The figure sat, placing the valise upright on a third chair. The penguin arrived with the figure's drink, along with a bowl of ice cubes, then toddled away hurriedly. The drink was very orange, and appeared to have layers.
"If I may," said the wizard, "what is that?"
"A HARVEY WALLBANGER. I'VE NEVER TRIED ONE BEFORE."
A feeling tugged at the back of the wizard's mind. "You seem familiar. Should I know you?"
"PROBABLY."
He thought some more, then he snapped his finger, causing it to emit a brief spark of flame. "Ah! Now I remember. I saw your picture in the program. You're Death. You're here to give the keynote."
"AMONG OTHER THINGS."
"That's a bit cryptic, isn't it?"
Death shrugged, then plucked up some ice cubes from the bowl and wrapped the bony fingers of his right hand around them. "AH, THAT'S BETTER." He got up and grabbed a towel from the bar, wrapped his hand in it, and sat back down. "I'VE JUST COME FROM AN AUTOGRAPH SESSION, AND MY HAND WAS BEGINNING TO CRAMP UP."

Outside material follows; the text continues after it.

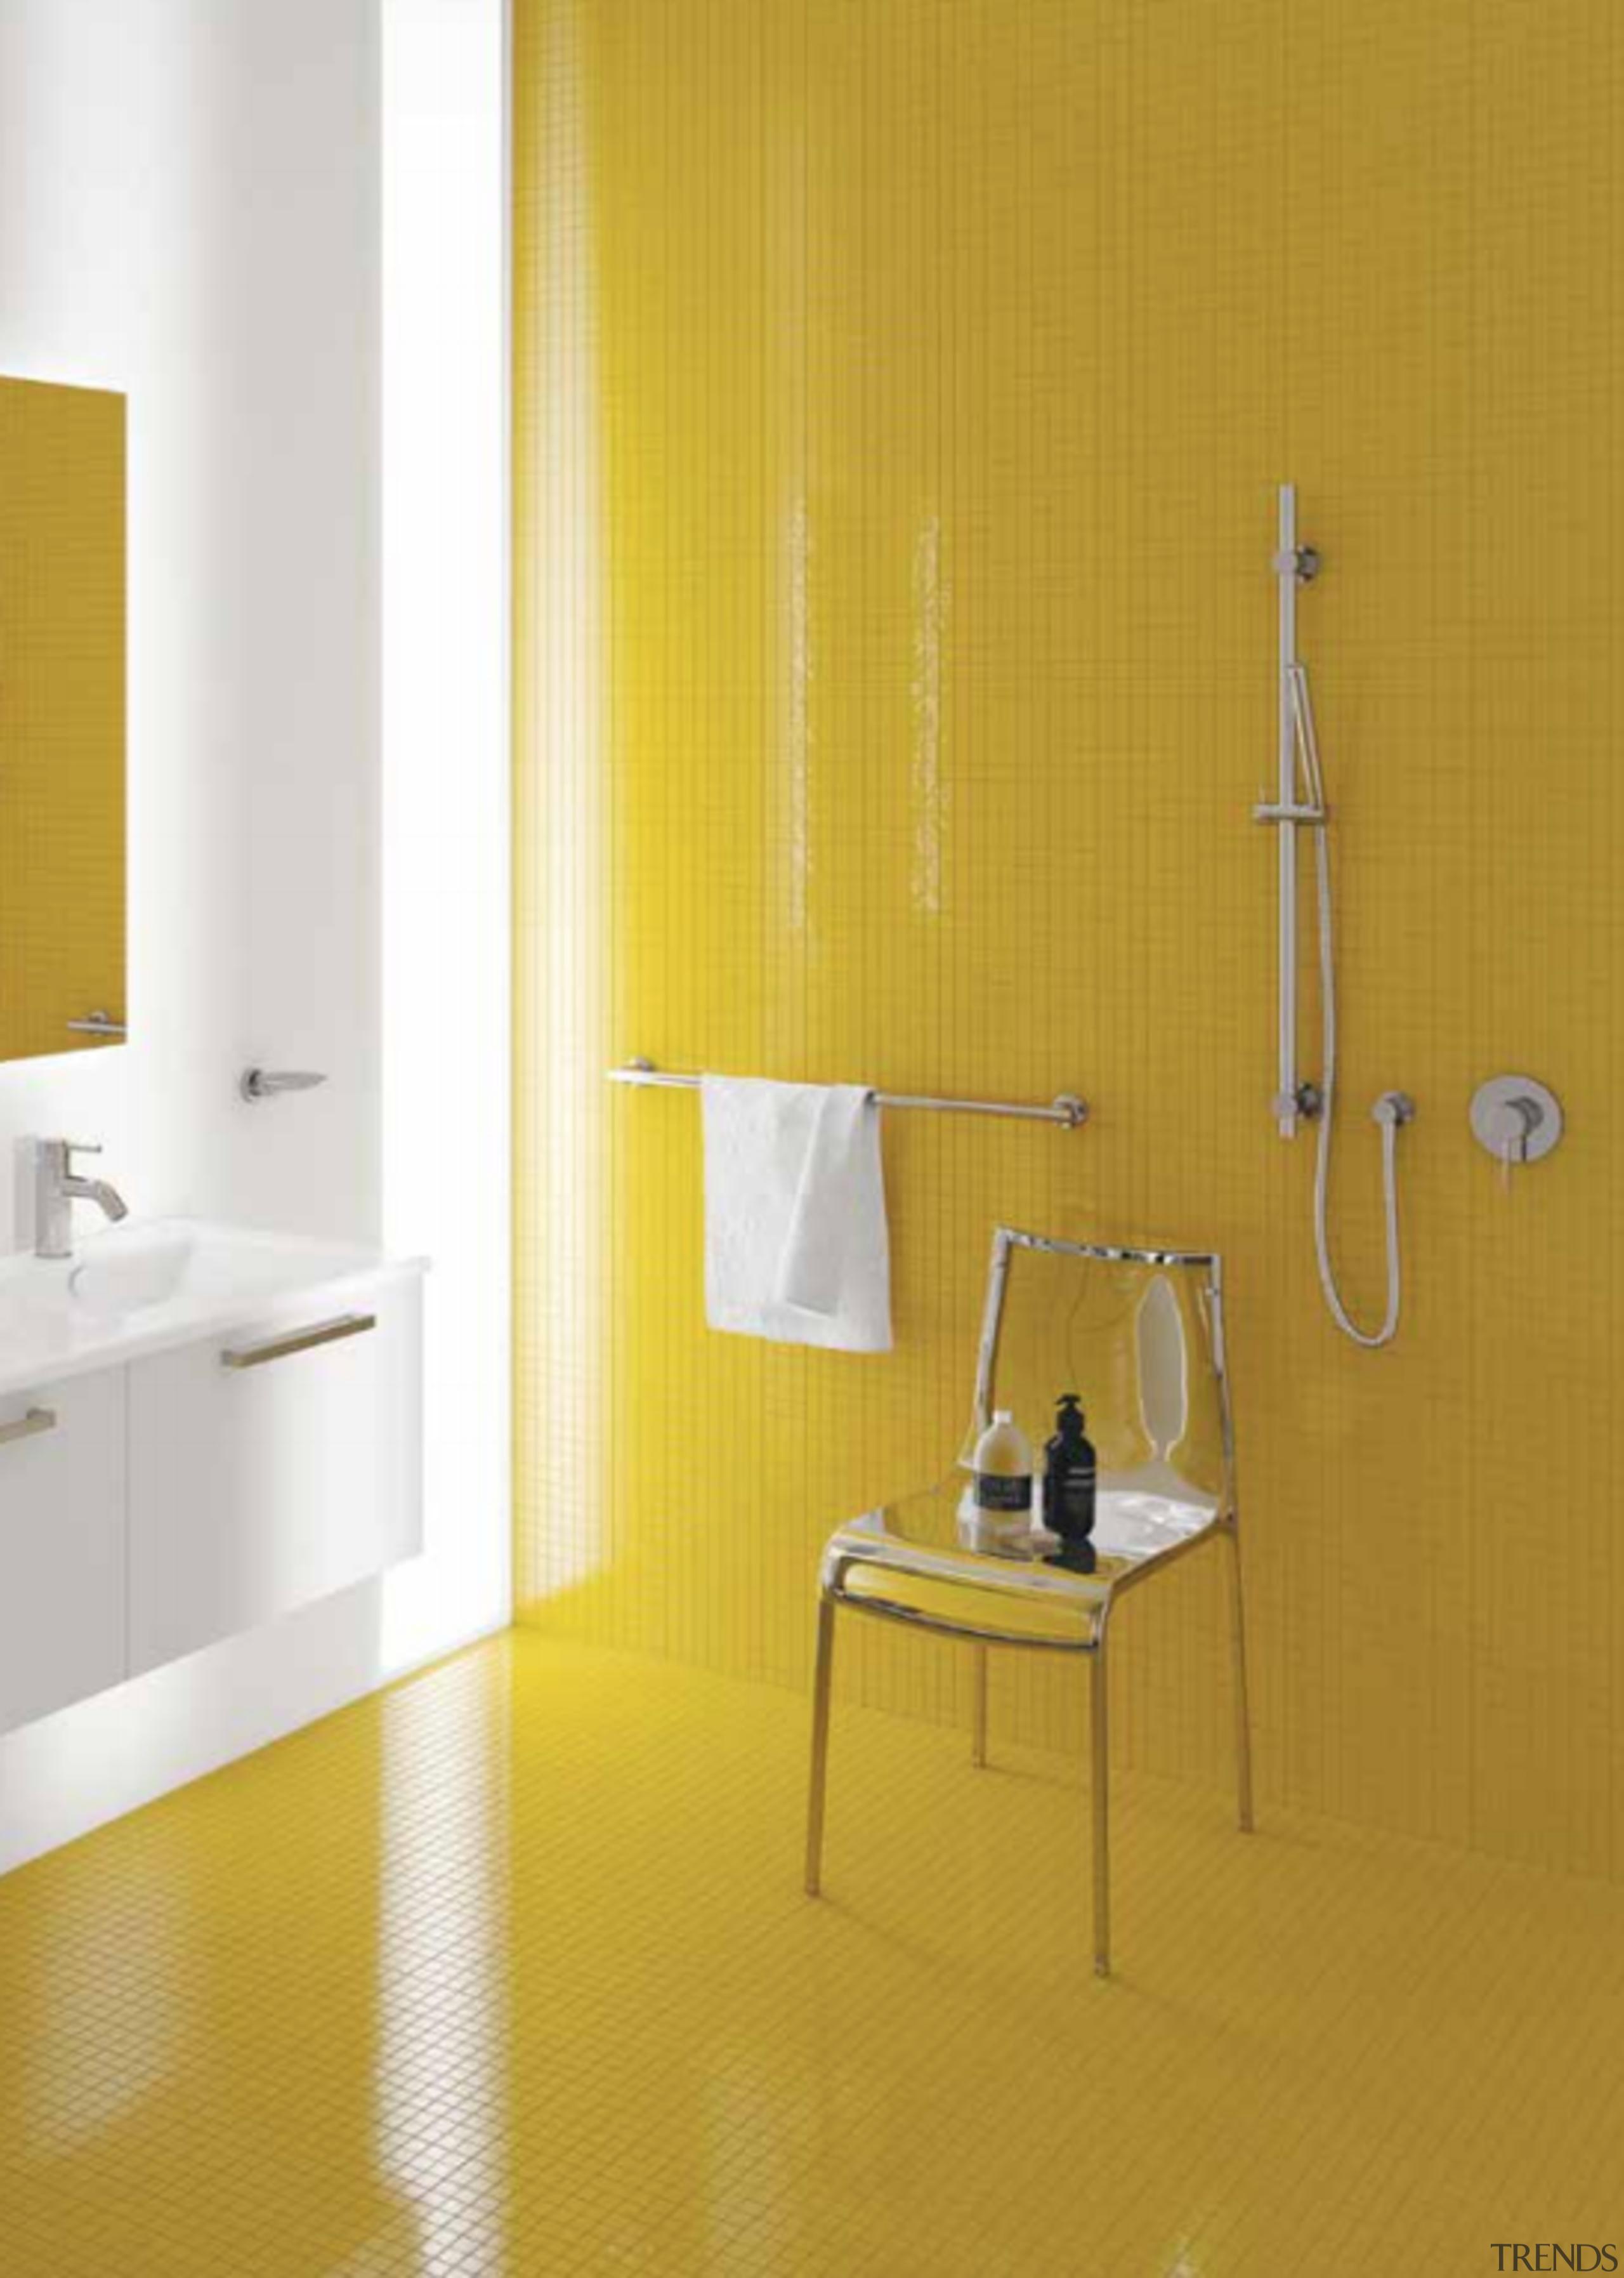 Showered in great ideas - bathroom | floor bathroom, floor, flooring, furniture, interior design, material property, orange, plumbing fixture, room, tile, wall, yellow, orange, white

"I can sympathize. I used to get asked for my autograph all the time. Now I'm just the old guy they put on the panels to add a little gravitas while the flavors of the month prattle on about mystical singularities and cybermagic and suchlike."
"THERE WAS ONE FELLOW HAD ME SIGN FIFTEEN PHOTOS, BUT HE ONLY WANTED THE FIRST ONE PERSONALIZED. HE SAID THE REST WERE FOR HIS GRANDMOTHERS."
"I hate to say it, but they're probably up on eBay already."
"YOU'RE PROBABLY RIGHT." Death shrugged again.